Introduction

Soil contamination of industrially contaminated sites has received wide attention in China in recent years (Luo et al. 2009; Wang et al. 2010). The process of industrial production and anthropogenic emissions is the major source of PAHs in the atmosphere and contaminated soils seriously in sites (Wang et al. 2003). It has been confirmed that soils in large-scale coking contaminated sites have been severely contaminated by PAHs (Wang et al. 2012). The PAHs present in contaminated sites not only directly affects soil physicochemical properties and the environment, but also threaten human health in the contaminated area (Blake et al. 2007; Mostert et al. 2012). The aims of removing PAHs from contaminated soils are urgently required in the risk management and remediation of contaminated sites. In some large-scale abandoned industrially contaminated sites in China, the historical production layout, storage, management, and other factors have led to extreme contamination values, and they have varying levels of contamination across the sites. Industrial site contamination of PAHs is typically characterized by significant variability in contaminant concentrations. This means that it is often difficult to describe spatial patterns and identify pollution hotspots.

Following remedial investigations of contaminated sites, hotspots of serious contamination have been found and these have an important role in the formulation of remediation strategies (Sinha et al. 2007). Hotspot areas also need to be identified in order to develop effective management practices for soil contamination (Zhang et al. 2008). There are many definitions of what is meant by “hotspots” (Cressie 1991; Komnitsas et al. 2009) and several methods have been proposed to identify hotspots (Kulldorff 1997; Carson 2001; Patil et al. 2001). Spatial autocorrelation analysis approaches may also be useful tools for identifying hotspots and spatial patterns of pollution. A few spatial autocorrelation analysis methods have been suggested for hotspot or spatial cluster pattern identification, such as Moran’s I (Jing et al. 2010; Prasannakumar et al. 2011), Geary’s C (Tiefelsdorf et al. 1997; Barreto-Neto et al. 2004), Getis’ G (Lai et al. 2009; Bohórquez et al. 2011), and Join Count analysis (Kabos et al. 2002; Epperson 2003), but Moran’s I index seems to be the most widely used (Getis et al. 1996). Moran’s I method has been used in a number of research fields, including environmental management (Zhang et al. 2004; Brody et al. 2006; Castillo et al. 2011; Su et al. 2011). However, within the geoscientific variables of a large-scale industrially contaminated site, this method is relatively untried.

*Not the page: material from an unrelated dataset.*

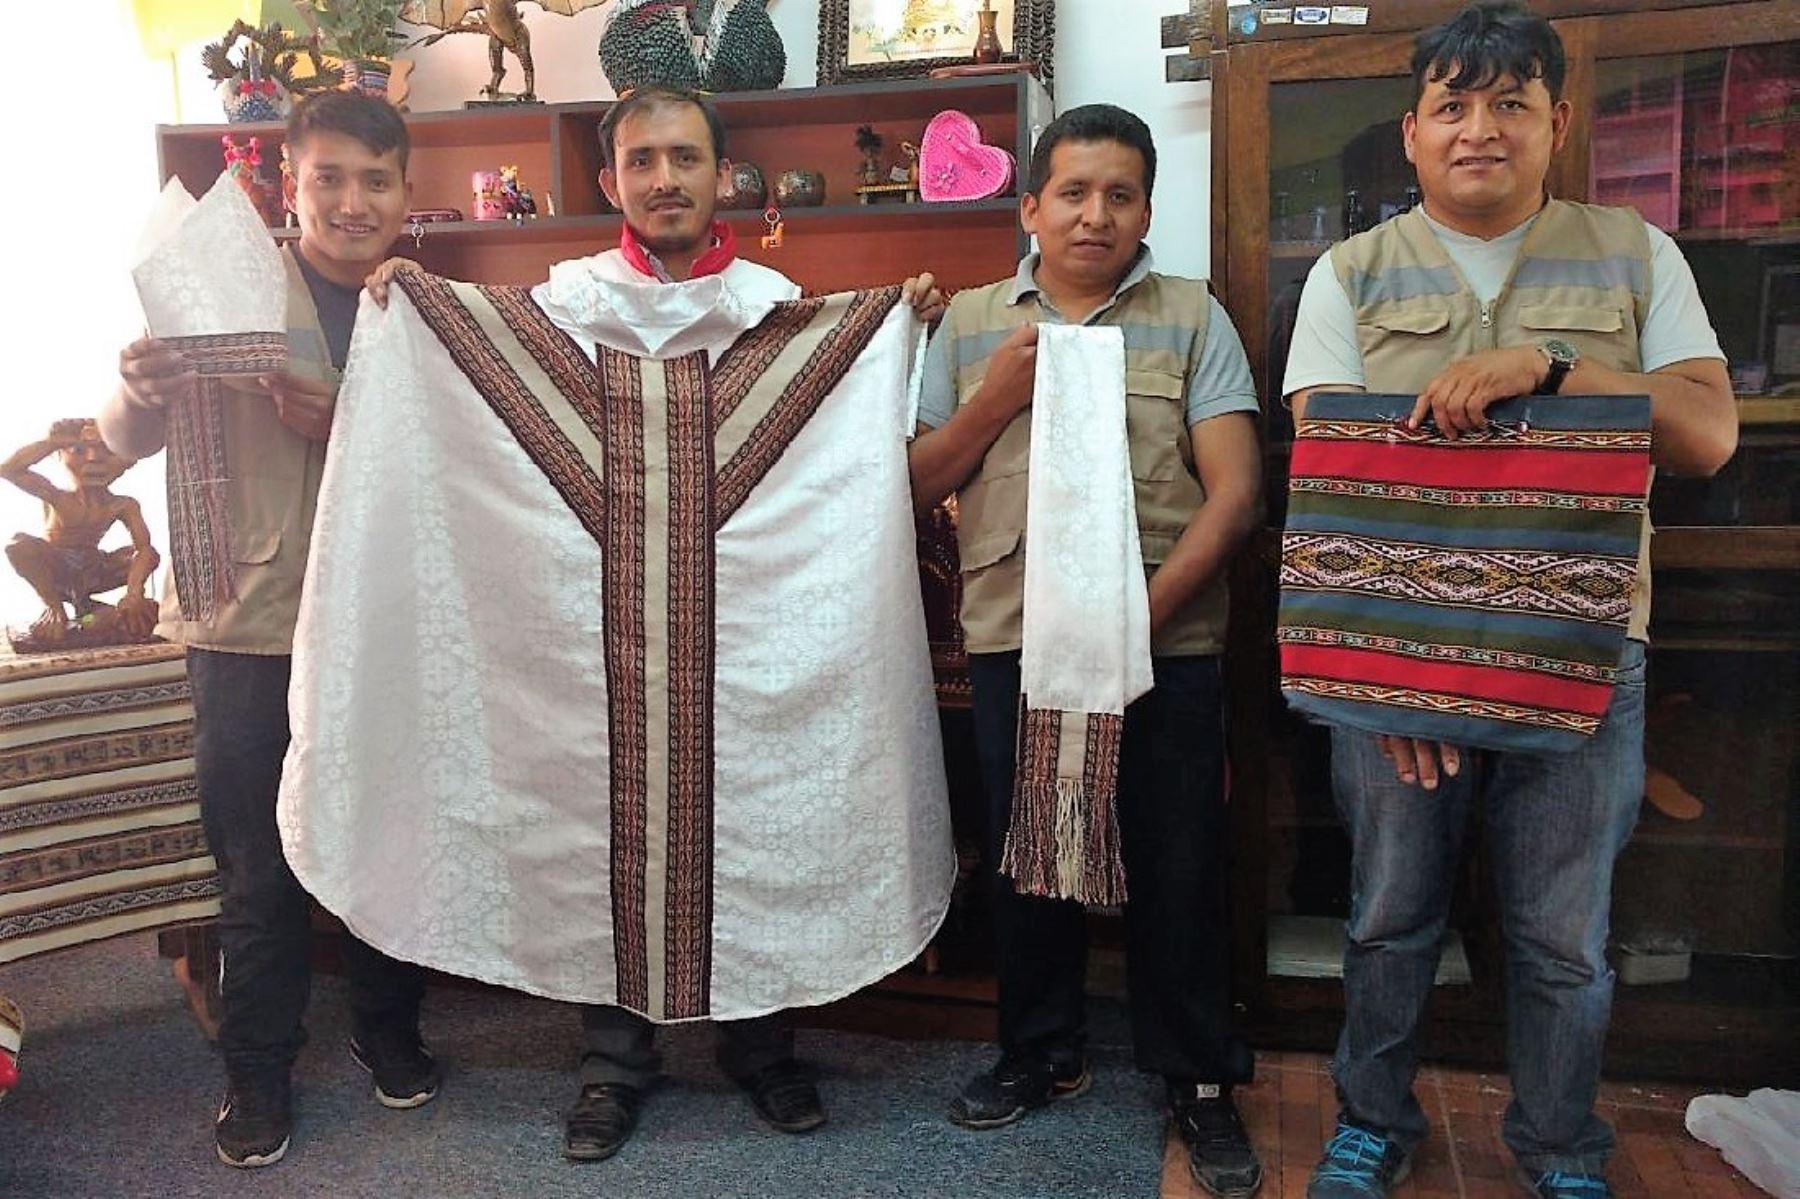 Esta es la casulla que entregarán los internos de penal de Cusco al Papa Francisco. ANDINA/Percy Hurtado Santillán
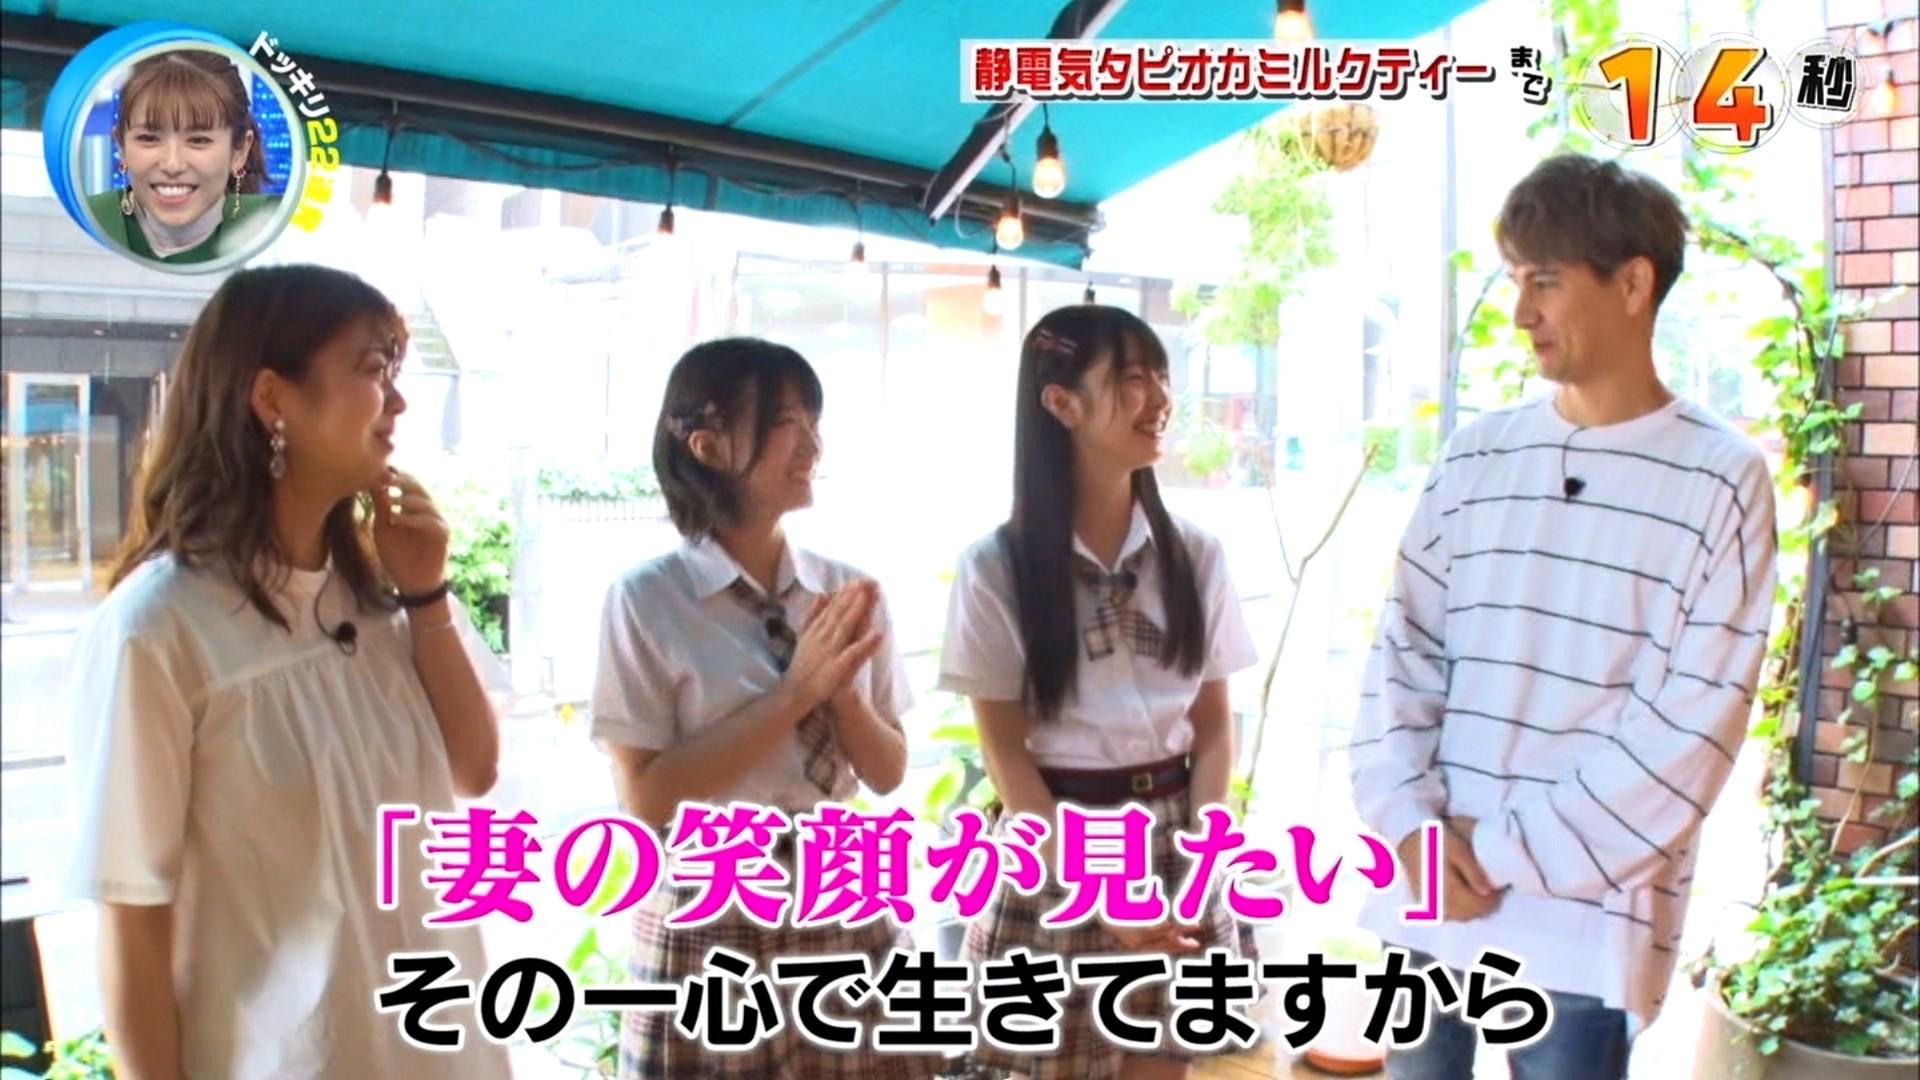 2019年11月30日にフジテレビ系列でほうそうされた「芸能人が本気で考えた!ドッキリGP」に出演したNMB48上西怜・大田莉央奈の画像-001

This study used Global Moran’s I and Local Moran’s I indices of spatial autocorrelation to analyze the statistical structure characteristics of samples from a contaminated site. Global Moran’s I was used to describe the correlation distance and spatial pattern of soil PAHs. The standardized spatial autocorrelation coefficients of different spatial lags were arranged in order and mapped on to standardized spatial correlograms, which were used to show spatial dependence. The Local Moran’s I index was used to calculate the relationship between each sample and its neighbors, which allowed hotspots and cool spots for soil PAHs to be identified at the contaminated site. The research has provided important information about contamination at the site that can be used at other sites to aid remediation investigations and the creation of remediation strategies for large-scale industrially contaminated sites.

Materials and methods

Site characteristics

The plant is located in the north of China and has a total land area of 1.35 km2. It was one of China's large-scale independent coking chemical industrial enterprises that had been in operation for over 40 years. The major products were coke, coke oven gas, tar, benzene, ammonium sulfate, asphalt and naphthalene, amongst a total of 40 chemical products. Serious environmental pollution was caused by poor production technology and pollution controls during its initial period, and carcinogenic substances and harmful emissions have damaged the area taken up by the plant and its surrounding environment. The plant took in coal as a raw material to produce gas and coke and extracted coal-based chemicals from crude tar. On site, the facility consisted of a former coal preparation factory, coking factory, sieve coke factory, gas purification system, tar factory, and a gas factory. Spills and leakages during gas purification and refining, tar processing, storage, transport and production processes, as well as planned and unplanned emissions, were the major causes of the field pollution characteristics shown by the polycyclic aromatic hydrocarbons and associated compounds. Soil contamination at the site is serious, based on site reconnaissance and relevant data analysis. It is now imperative to undertake a site risk assessment, contamination management, and other related work.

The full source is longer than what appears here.